MATERIALS AND METHODS
Ethnics standards and sample preparation
This study and the procedures were approved by the Institutional Review Boards of Hainan Medical University and the Medical Ethics Committee of Hainan Medical University (No. HYLL‐2020‐012). The humane and ethical research principles recommended by Hainan Medical University were followed in this study.Blood samples were collected using the FTA cards with the written informed consent from 657 unrelated healthy Ha Hlai individuals (497 males and 160 females) from the districts of Ha localism. All self‐declared Ha Hlai indigenous subjects were needed to be no intermarriage with people of other populations and other subgroups of Hlai, used the Ha localism as their mother tongue and resided in the regions of Ha dialect at least three generations.

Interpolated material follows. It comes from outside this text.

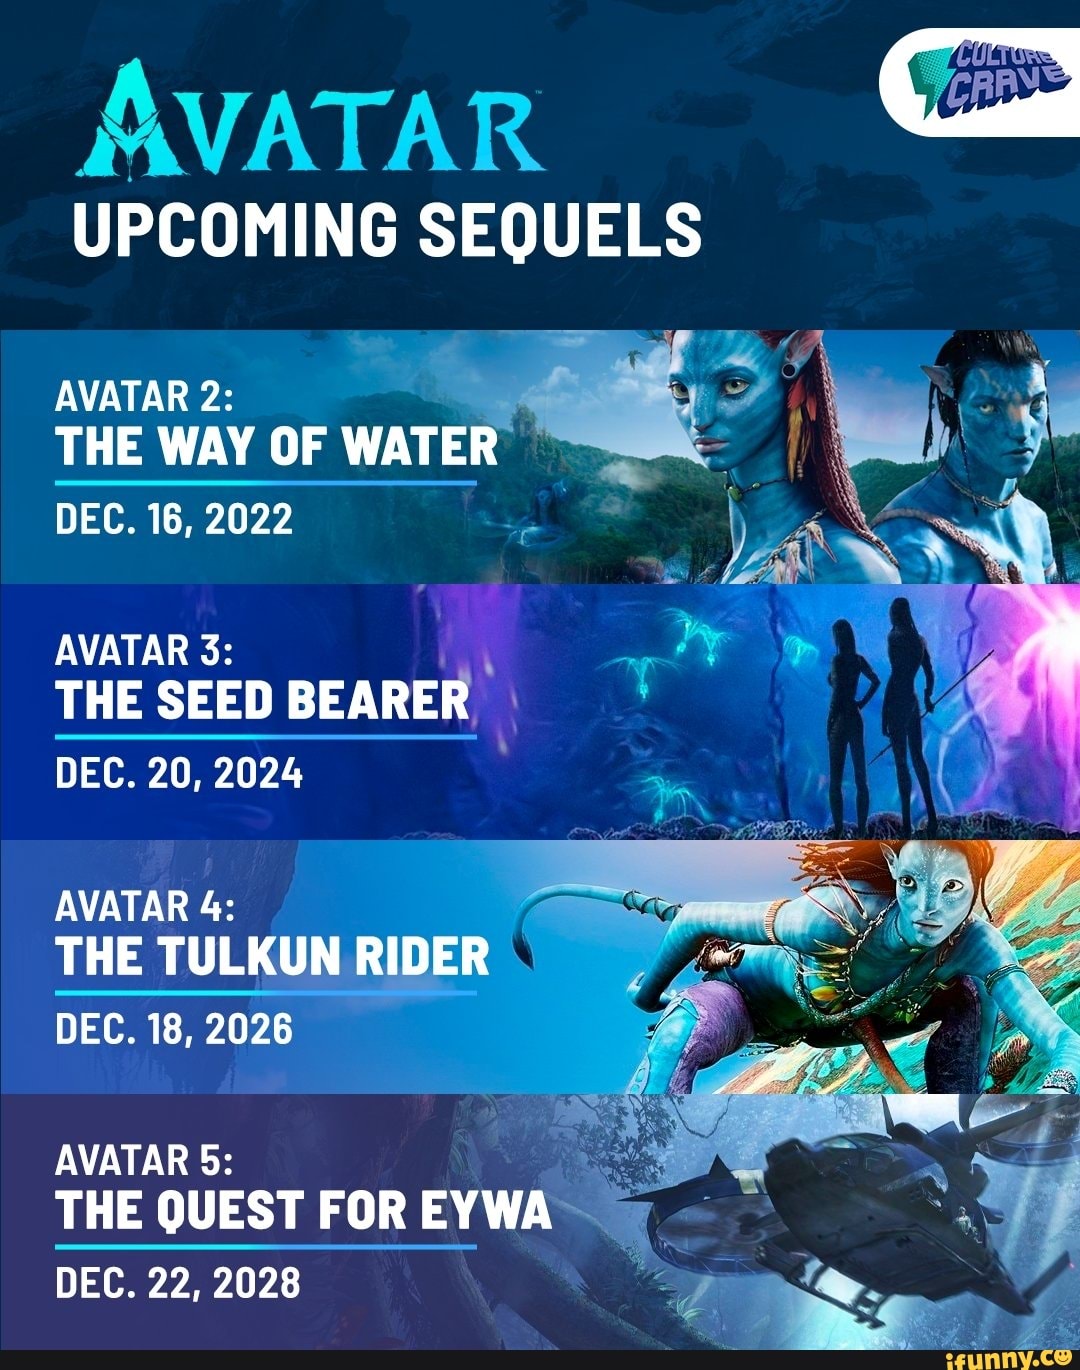 Avatar 2 đã có ngày ra mắt chính thức, đánh dấu sự trở lại của chuỗi phim hấp dẫn này. Với những cảnh quay hoành tráng và kỹ xảo đỉnh cao, Avatar 2 hứa hẹn sẽ mang lại những trải nghiệm tuyệt vời nhất cho khán giả.

DNA extractions and quantification
Genomic DNA was extracted using the QIAamp DNA Blood Mini Kit (Qiagen, Germany) according to the manufacturer's protocol. The quantity of the DNA template was determined using Qubit 3.0 Fluorometer (Invitrogen™, Life Technologies™, USA) according to the manufacturer's instructions. Based on quantitative results, samples were normalized to 1.0 ng/μl and stored at −20°C until amplification.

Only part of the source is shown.